This blog post is an excerpt from GovLoop’s recent guide Embracing Data Analytics: Common Challenges & How to Overcome Them. Download the full guide here.
If getting started with data analytics weren’t hard enough, now you have the added task of figuring out which tools you need and whether to build or buy them.
Based on feedback from our data analytics survey, several agencies are developing capabilities in-house. Others are using cloud-based, open source and custom-built tools. So what’s the best option for your agency?
Jeff Chen, Chief Data Scientist at the Commerce Department, encouraged agencies to consider these questions before settling on a specific tool:
- Who will be using the tool?
- What specific needs do they have?
- What are the implementation requirements for the tool, and can your agency support those requirements?
- What skills are required to use the tool?
For more on how to choose the right tools and techniques, we spoke with Robin Thottungal, Chief Data Scientist and Director of Analytics at the Environmental Protection Agency, and Dawn Brown, a Procurement Analyst at EPA. They shared these words of wisdom:
Focus on outcomes.
Thottungal and his team are less focused on buying specific tools from vendors than they are on developing a minimum viable product, or MVP. Think of it as the version of a new product that allows the team to identify kinks and get valuable feedback from customers.
The focus for EPA is on identifying the problems that need solving and then developing an MVP.
“From there, we start thinking about what appropriate tools and techniques [there are] to solve the problem,” Thottungal said. “We are not saying, ‘Let’s go and buy the tool from company X and try to fit that back to the entire enterprise needs.’”

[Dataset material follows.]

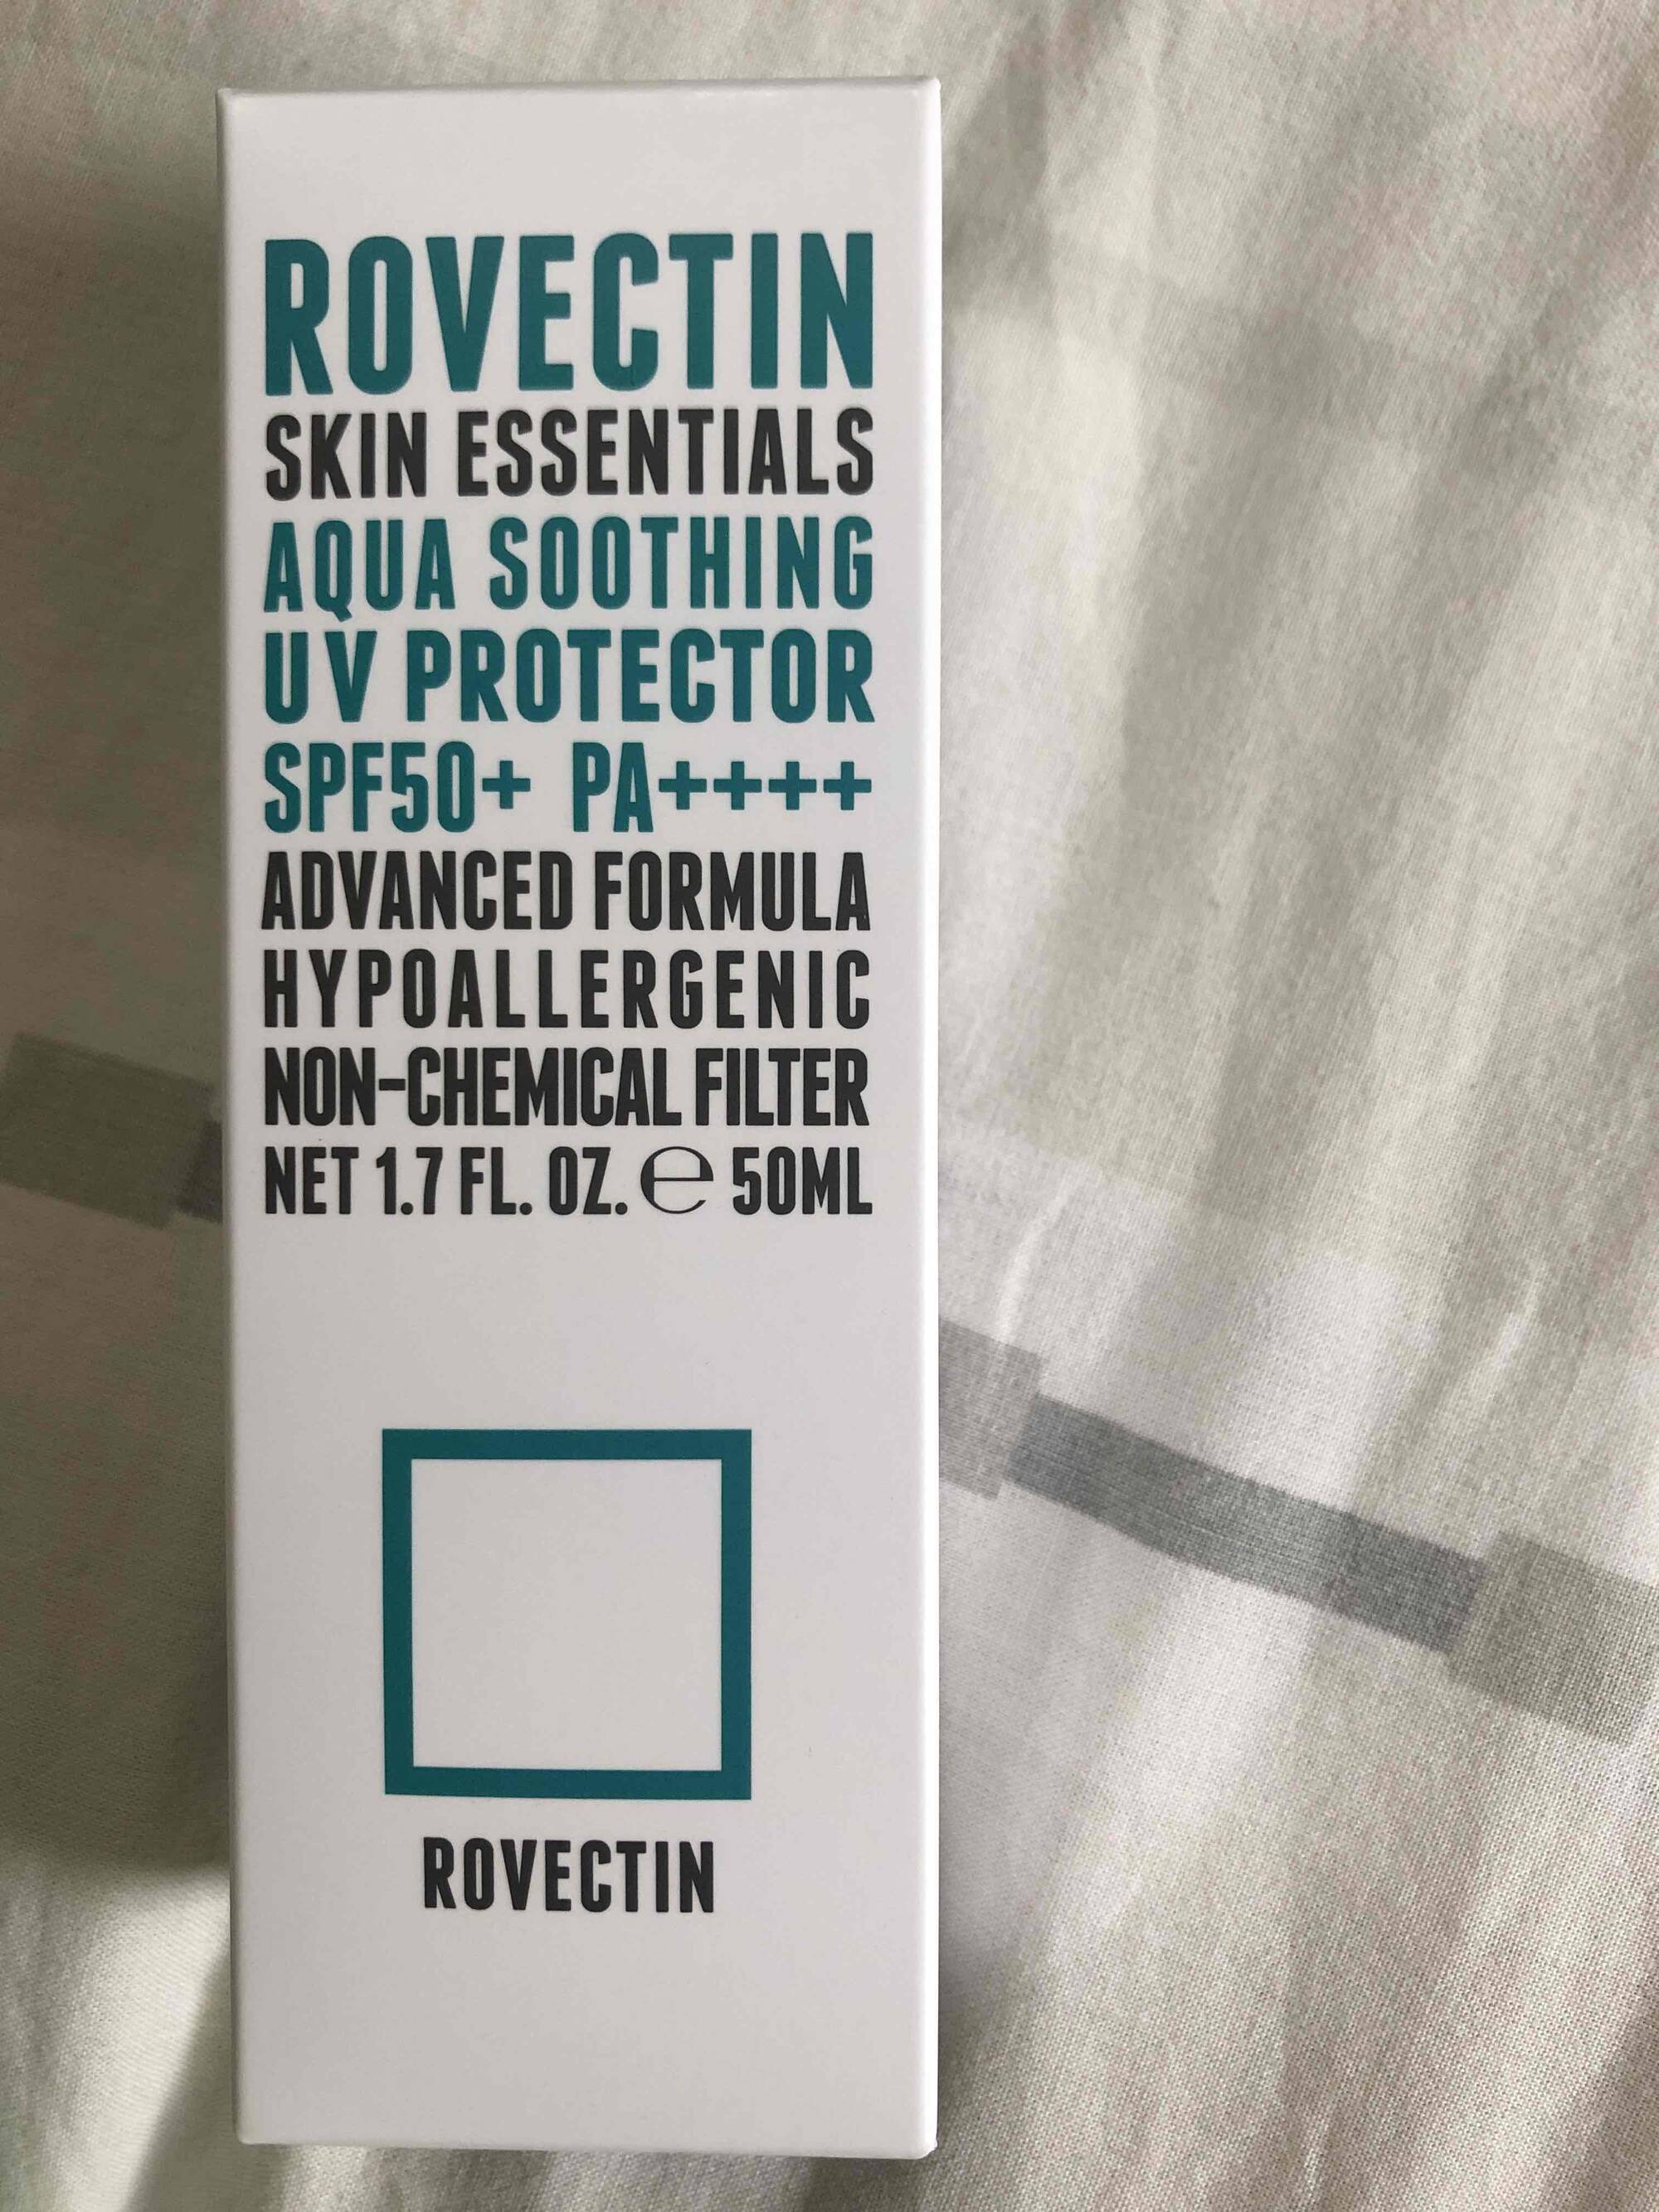 ROVECTIN - Skin essentials aqua soothing UV protector SPF 50+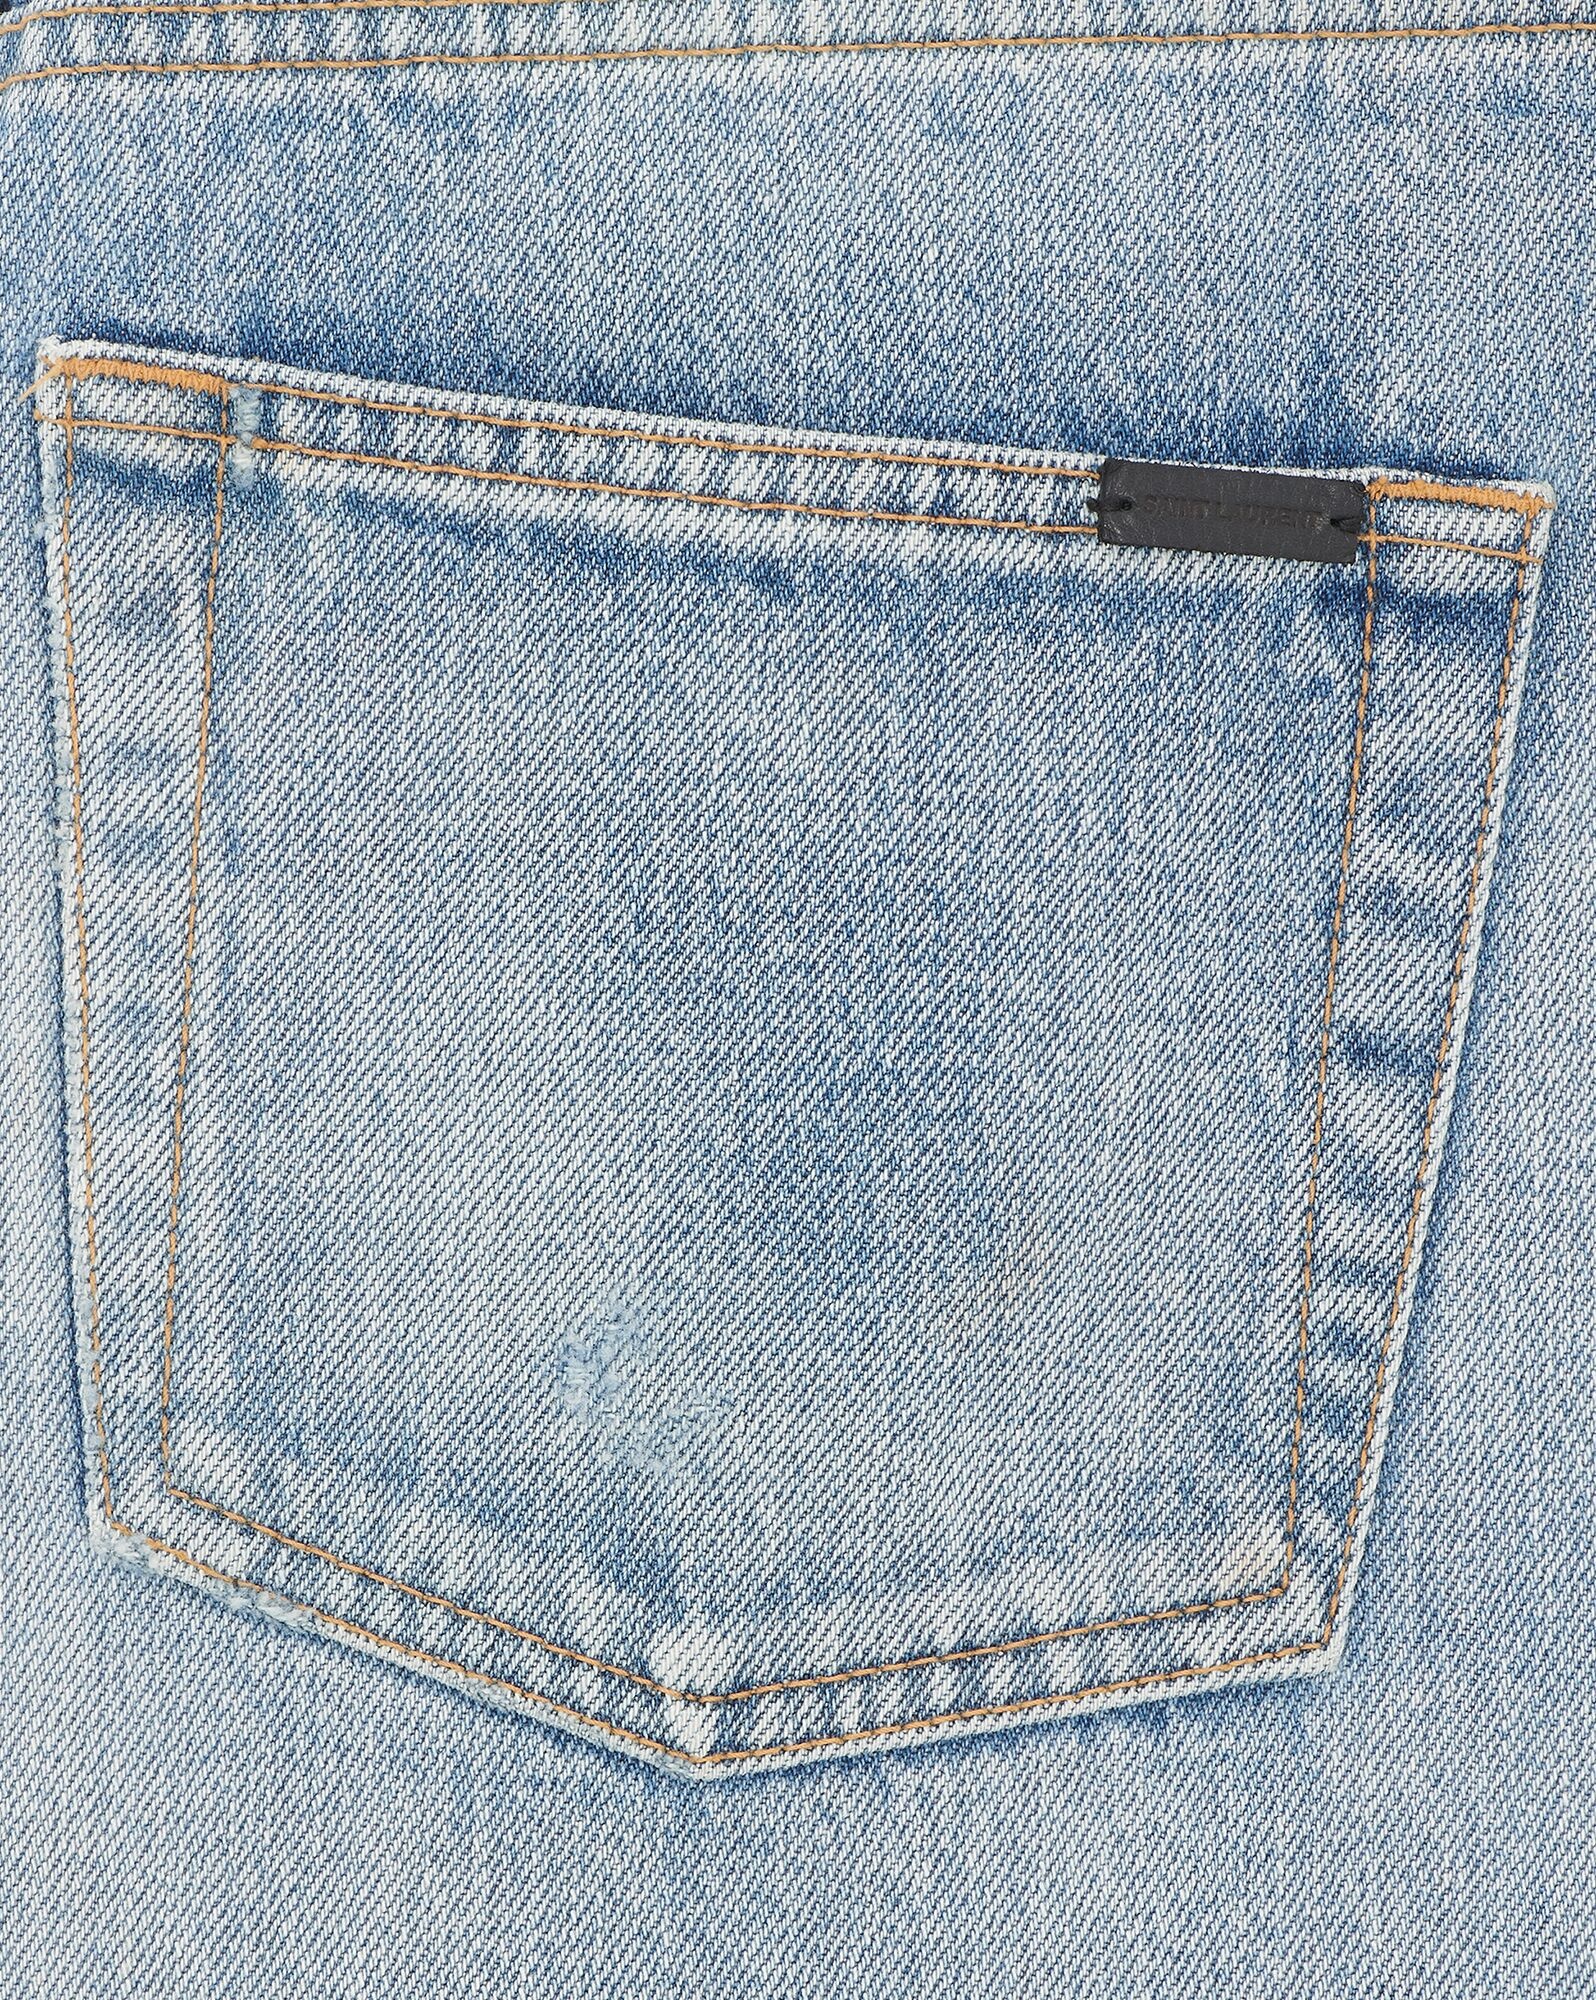 cassandre jeans in hawaii blue denim - 4

At a disparate agency like EPA, one tool likely won’t be the right fit to fix the varying needs across the department. “You need to have a visualization tool, [and] you need to have a tool that is capable of doing compute” and tools for storing data, Thottungal said. “What we are trying to identify is: How can we enable our internal staff to be proficient in using some of these tools?”
When adopting open source technologies, keep hidden costs in mind.
“If we can identify an enterprise open source tool, we will go with that because we know that will reduce the cost of licensing,” Thottungal said, adding that EPA is using several open source tools as part of its big data ecosystem.
For agencies that are considering open source, Thottungal noted that although there may not be upfront costs, there are hidden costs to consider.
“The hidden cost is basically identifying the appropriate talent within the organization who can actually maintain the toolset,” he said. “The question is, how comfortable is your team maintaining that infrastructure and the whole ecosystem?”
In other words, keep in mind that it takes manpower and resources to maintain the open source tools after acquiring them.
Let the mission dictate the tools.
Predicting harmful algal blooms across the U.S. is serious business at EPA because of the damaging effects that can sicken or kill people and animals, create dead zones in the water and raise treatment costs for drinking water.
“We came to realize that this is a problem that requires a tremendous volume of data-crunching [and] a very powerful computing infrastructure,” Thottungal said. “We realized that this is an opportunity for my team to work with [others in the department] to identify an appropriate solution.”
The team needed the ability to store and use large-volume datasets, conduct high-performance computing and perform analysis on near real-time datasets that came from sensors deployed across various bodies of water. The sensors detect water temperature and nitrogen and phosphorus contents that wash into the water. These requirements dictated what tools EPA used.
Another undertaking at EPA involved the development of spending visualization tools to better track operational costs and contracting data. Initially, the data was presented in spreadsheets, which evolved to static images, Brown said. The end result is an interactive dashboard. “We did this in phases over the course of two years,” she said.
When it comes to identifying projects that are ripe for analytics, the agency relies on a community of practice that includes about 200 people. At a minimum, they meet biweekly to discuss analytics work and opportunities across the department, and suggestions for analytics projects come from all levels of the agency.